## Data section
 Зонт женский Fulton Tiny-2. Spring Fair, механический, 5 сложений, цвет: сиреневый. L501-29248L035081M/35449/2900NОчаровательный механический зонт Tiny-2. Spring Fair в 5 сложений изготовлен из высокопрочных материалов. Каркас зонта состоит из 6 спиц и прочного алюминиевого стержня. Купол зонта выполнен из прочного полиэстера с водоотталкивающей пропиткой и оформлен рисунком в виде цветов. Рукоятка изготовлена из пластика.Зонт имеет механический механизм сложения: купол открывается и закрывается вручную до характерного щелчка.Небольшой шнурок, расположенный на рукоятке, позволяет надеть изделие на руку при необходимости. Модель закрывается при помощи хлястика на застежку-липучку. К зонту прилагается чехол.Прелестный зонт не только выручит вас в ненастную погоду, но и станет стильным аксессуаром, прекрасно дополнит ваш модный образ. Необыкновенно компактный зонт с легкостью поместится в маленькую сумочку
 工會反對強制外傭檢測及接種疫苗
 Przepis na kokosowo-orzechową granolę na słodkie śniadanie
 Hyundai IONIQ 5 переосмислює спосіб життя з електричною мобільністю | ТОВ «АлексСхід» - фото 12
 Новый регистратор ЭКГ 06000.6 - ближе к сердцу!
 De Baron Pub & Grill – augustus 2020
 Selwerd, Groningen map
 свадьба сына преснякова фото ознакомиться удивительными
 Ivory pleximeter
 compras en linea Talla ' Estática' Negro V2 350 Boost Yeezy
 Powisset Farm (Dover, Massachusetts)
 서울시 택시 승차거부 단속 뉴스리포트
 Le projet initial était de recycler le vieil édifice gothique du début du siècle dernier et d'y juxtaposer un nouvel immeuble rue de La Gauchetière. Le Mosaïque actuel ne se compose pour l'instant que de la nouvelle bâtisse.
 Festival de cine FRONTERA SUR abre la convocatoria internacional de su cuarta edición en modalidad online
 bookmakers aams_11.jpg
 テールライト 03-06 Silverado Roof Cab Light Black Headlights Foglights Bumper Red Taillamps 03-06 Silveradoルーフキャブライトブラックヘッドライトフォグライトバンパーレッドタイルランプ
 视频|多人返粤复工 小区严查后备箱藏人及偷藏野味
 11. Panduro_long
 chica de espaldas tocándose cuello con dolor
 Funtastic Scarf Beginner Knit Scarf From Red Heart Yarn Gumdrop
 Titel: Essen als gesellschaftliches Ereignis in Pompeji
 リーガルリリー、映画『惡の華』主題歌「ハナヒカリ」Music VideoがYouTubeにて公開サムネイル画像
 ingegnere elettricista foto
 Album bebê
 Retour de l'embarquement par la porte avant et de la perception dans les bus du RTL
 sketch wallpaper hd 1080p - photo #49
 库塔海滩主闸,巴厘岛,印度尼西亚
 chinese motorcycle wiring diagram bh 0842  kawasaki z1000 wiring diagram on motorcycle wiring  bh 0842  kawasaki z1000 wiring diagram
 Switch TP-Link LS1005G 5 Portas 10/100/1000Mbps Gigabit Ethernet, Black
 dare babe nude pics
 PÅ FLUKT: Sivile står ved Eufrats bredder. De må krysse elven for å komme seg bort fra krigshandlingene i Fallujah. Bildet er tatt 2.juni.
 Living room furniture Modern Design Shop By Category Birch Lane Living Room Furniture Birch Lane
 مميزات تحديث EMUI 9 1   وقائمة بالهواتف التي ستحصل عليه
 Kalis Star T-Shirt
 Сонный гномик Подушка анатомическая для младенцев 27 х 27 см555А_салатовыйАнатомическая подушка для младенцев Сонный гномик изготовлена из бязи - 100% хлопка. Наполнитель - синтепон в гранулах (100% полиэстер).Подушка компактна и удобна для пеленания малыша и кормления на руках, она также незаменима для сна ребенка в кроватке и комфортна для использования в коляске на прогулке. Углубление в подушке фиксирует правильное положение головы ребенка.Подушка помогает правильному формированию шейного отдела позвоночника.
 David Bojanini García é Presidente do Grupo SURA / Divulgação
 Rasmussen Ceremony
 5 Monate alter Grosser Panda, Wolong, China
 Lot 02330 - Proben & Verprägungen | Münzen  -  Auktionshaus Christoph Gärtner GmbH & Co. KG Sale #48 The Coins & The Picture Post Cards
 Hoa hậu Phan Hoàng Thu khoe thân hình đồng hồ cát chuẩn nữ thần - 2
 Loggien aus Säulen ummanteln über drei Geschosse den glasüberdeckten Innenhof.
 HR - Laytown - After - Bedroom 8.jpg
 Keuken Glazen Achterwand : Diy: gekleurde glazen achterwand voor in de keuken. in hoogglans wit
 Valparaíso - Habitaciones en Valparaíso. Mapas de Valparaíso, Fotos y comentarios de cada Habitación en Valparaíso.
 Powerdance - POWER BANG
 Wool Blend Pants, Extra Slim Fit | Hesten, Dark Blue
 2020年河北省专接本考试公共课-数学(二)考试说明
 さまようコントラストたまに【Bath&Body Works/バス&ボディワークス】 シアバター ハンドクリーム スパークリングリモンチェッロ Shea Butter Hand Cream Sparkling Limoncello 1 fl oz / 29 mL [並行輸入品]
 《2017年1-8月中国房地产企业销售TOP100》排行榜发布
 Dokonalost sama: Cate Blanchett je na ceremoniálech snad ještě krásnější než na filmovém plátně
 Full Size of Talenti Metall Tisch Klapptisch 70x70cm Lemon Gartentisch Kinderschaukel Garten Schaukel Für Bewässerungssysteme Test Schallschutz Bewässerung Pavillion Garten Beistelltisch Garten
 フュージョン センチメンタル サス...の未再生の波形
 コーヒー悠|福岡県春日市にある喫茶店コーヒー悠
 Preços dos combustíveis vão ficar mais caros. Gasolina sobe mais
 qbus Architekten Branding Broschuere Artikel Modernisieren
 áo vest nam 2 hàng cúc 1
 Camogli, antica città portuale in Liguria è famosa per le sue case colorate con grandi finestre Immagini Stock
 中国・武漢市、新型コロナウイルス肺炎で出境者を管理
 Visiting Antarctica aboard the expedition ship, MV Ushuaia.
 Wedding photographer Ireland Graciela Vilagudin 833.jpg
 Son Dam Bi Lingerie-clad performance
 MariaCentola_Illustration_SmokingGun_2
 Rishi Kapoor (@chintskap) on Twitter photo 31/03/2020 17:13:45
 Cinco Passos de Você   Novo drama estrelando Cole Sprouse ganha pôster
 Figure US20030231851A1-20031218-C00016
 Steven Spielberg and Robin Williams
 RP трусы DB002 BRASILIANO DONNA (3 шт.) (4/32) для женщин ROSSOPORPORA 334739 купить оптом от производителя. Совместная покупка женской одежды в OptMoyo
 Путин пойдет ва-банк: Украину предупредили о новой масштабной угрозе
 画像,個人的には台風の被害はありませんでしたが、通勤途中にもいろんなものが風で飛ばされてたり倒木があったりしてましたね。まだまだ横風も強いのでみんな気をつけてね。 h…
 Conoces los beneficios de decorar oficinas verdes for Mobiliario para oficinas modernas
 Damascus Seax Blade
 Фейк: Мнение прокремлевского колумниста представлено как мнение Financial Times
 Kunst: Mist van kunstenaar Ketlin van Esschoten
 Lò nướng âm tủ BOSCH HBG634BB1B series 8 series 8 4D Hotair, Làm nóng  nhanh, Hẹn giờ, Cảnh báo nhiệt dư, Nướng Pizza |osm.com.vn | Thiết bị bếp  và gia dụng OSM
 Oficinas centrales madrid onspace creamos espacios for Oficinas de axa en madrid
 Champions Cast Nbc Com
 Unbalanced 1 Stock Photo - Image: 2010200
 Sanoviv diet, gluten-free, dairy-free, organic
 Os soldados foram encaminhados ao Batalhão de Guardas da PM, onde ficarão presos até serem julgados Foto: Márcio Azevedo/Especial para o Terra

## Problem statement
What are the lines above, starting at the one with "2020年河北省专接本考试公共课-数学(二)考试说明" and ending at the one with "MariaCentola_Illustration_SmokingGun_2"? Give them again exactly, and only them.

## Reply
 2020年河北省专接本考试公共课-数学(二)考试说明
 さまようコントラストたまに【Bath&Body Works/バス&ボディワークス】 シアバター ハンドクリーム スパークリングリモンチェッロ Shea Butter Hand Cream Sparkling Limoncello 1 fl oz / 29 mL [並行輸入品]
 《2017年1-8月中国房地产企业销售TOP100》排行榜发布
 Dokonalost sama: Cate Blanchett je na ceremoniálech snad ještě krásnější než na filmovém plátně
 Full Size of Talenti Metall Tisch Klapptisch 70x70cm Lemon Gartentisch Kinderschaukel Garten Schaukel Für Bewässerungssysteme Test Schallschutz Bewässerung Pavillion Garten Beistelltisch Garten
 フュージョン センチメンタル サス...の未再生の波形
 コーヒー悠|福岡県春日市にある喫茶店コーヒー悠
 Preços dos combustíveis vão ficar mais caros. Gasolina sobe mais
 qbus Architekten Branding Broschuere Artikel Modernisieren
 áo vest nam 2 hàng cúc 1
 Camogli, antica città portuale in Liguria è famosa per le sue case colorate con grandi finestre Immagini Stock
 中国・武漢市、新型コロナウイルス肺炎で出境者を管理
 Visiting Antarctica aboard the expedition ship, MV Ushuaia.
 Wedding photographer Ireland Graciela Vilagudin 833.jpg
 Son Dam Bi Lingerie-clad performance
 MariaCentola_Illustration_SmokingGun_2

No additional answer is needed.